梵天丸ははたと思い浮かぶことがあった。確か今日、信玄公と共に自分と同じ歳だという真田の長男が来ると言ってはいなかったか。上田から人質として甲斐に来ていることから、間違いなく武家の出だろう。岐秀も自分の相手に調度良いとも言っていたではないか。
「もしかしてアンタ……」
「こんなところにおったか、若子よ!」
梵天丸の言葉に被るようにして、地を震わすような声が辺り一帯に響き渡った。
「お館様ぁ!!」
童の眸が今一層強く閃く。喜色を浮かべ、声のした方へと勢いよく振り返った。
そこには屈強な体格の、声同様威厳溢るる壮年の男がこちらに歩を向けていた。その隣には我が師虎哉の姿。とあれば彼の呼ぶ「お館様」とは甲斐の虎、武田信玄公に他ならない。高所の恐怖もどこぞへ行ってしまったような有様で童は声を張り上げた。

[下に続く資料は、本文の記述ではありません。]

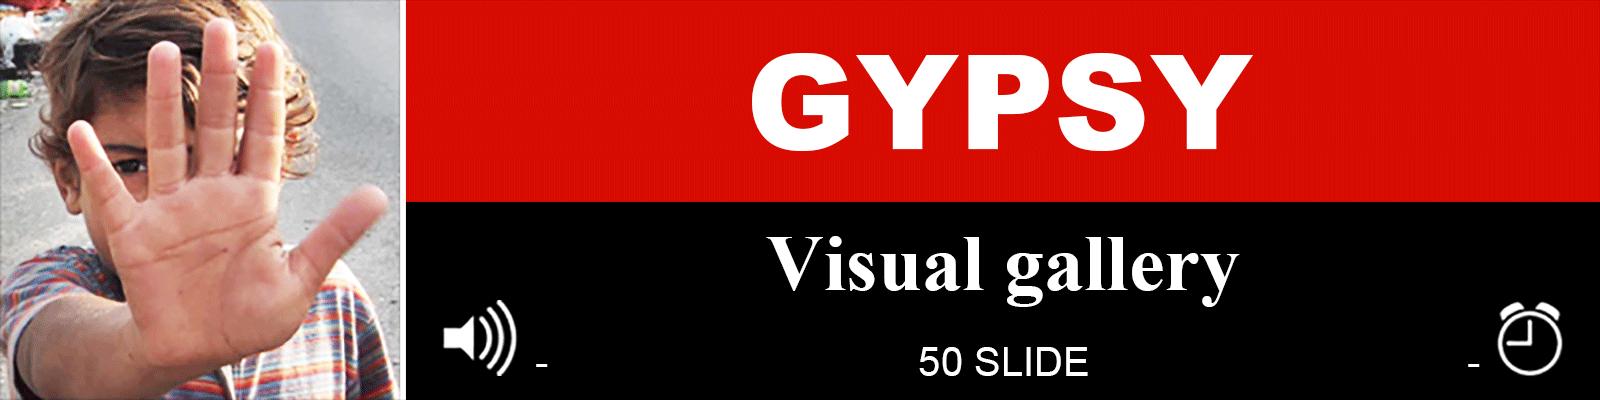 gypsy-illegal-body
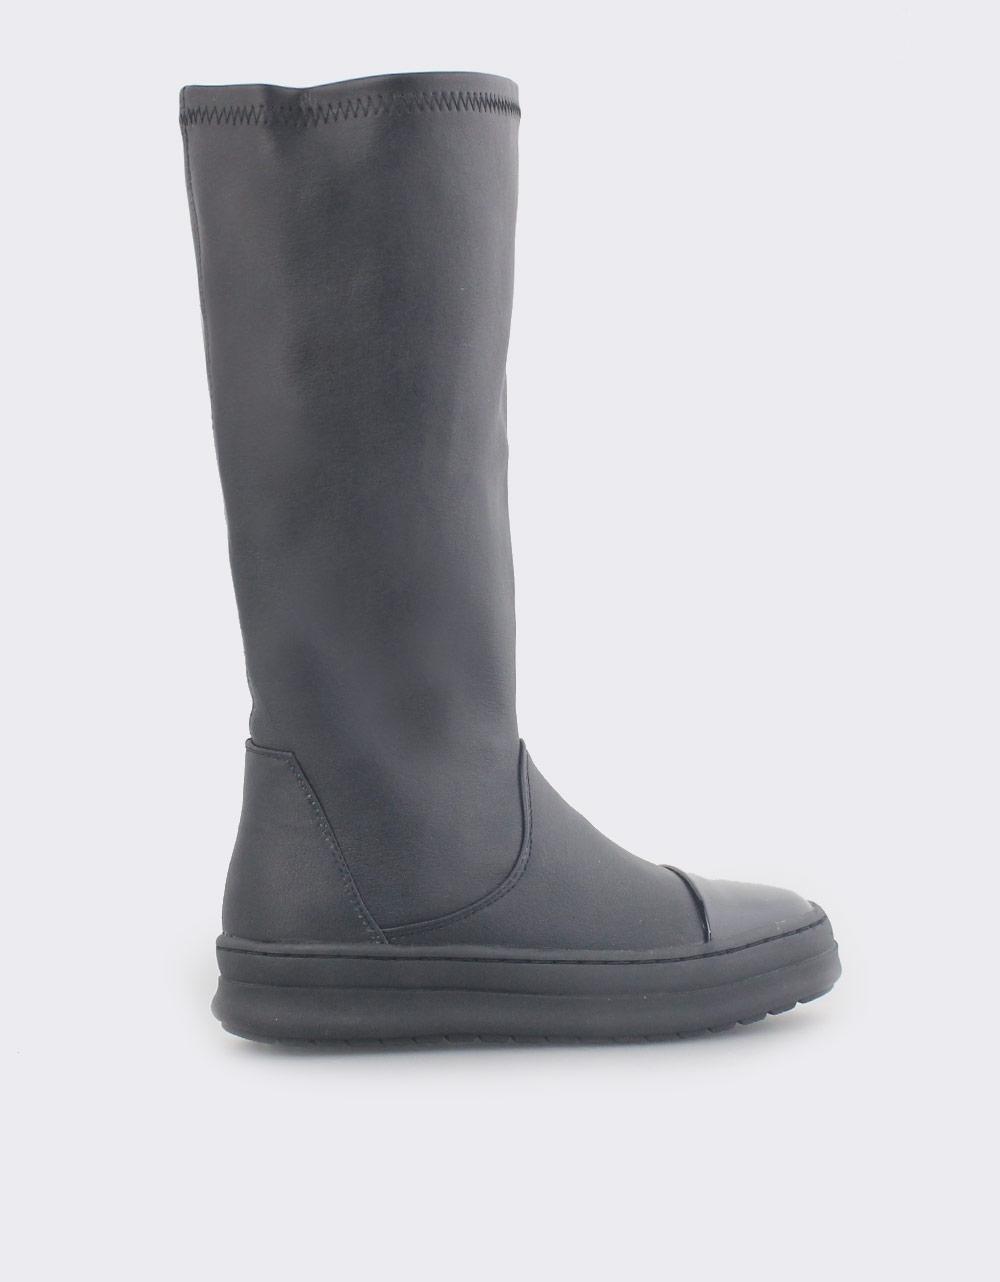 Εικόνα από Παιδικές μπότες ελαστικές με λουστρίνι Μαύρο

「若子よ、お主今まで何をしておった!お主が楽しみにしておった儂と虎哉との仕合いはとうに終わってしまったぞ!」
「なんと!?」
信玄の言葉に童は目に見えて衝撃を受けていた。
あれだけ騒いで誰もここに来なかった理由はそれかと梵天丸は舌打ちする。皆それどころではなかったのだろう。であれば白熱した仕合だったに違いない。自分が寝汚かったせいもあるが、せっかくの逸興を逃したと思えば、今は目を爛々とさせた童に怒りも沸き上がろうというもの。
しかし、そんな梵天丸のことなど忘れたように、
「それは申し訳ございませぬ!!お館様も認める御仁との仕合い、見ること叶わぬ自体を引き起こしたのは全て未熟なるそれがしのせい!なんとお詫び申し上げればよいことか!!」
どこか芝居がかったような、しかし、目を輝かせてまさに口上を述べる様は本気。信玄の気に入りは身を乗り出し謝罪をする。
「詫びなどいらぬわ!若子よ、お主惜しいことをしたぞ、次こそは同席できるよう心しておれ!」
「うおおおぉ!お館様にそこまで言わせる仕合い、見ること叶わなんだことが悔やまれてなりませぬうううぅ!!」
小さな拳をにぎって咆える童に、信玄は豪快に笑った。
「して、若子よ。なぜにお前はそこにおるのだ?早う降りて来んか」
「も、申し訳ございませぬ、お館様!!実は申しますとそれがし、落ちていたうぐいすの雛を巣に戻したのでございますが、降りれんようになってしもうたのでございます!」
「誠、情けないことよ!だが若子よ。儂とともに戦場にて駆けるとあらば、そのような高所臆しておるようでは話にならんぞ!見事克服してみせよ!!」
「うおおおぉ!お館様ぁ!!それがし、そのような事にも気付かぬとは何たる不覚!!お館様のおっしゃるとおり、見事克服してみせましょうぞ!!」
「その意気じゃ、ならば来い!若子よ!!」
「分かりましてございます!!」
面白いくらい信玄公に煽られた童は意気揚々と、しがみつく事しか出来なかった枝の上に立ち上がる。その様子にぎょっとしたのは梵天丸だ。その高さ、受け止めることが出来なければ、小さくはない怪我をすることは必須。
「では、参る!!」
今まで下を覗けば顔を青くしていたとは思えない変わりようで、童は枝を蹴った。
そこに迷いや、戸惑いは一切なく、ただ己が望む先しか目に入っていなかった。

なびく髪と紅の衣が中を舞う。

梵天丸は瞬きすることもできず、その光景に魅入っていた。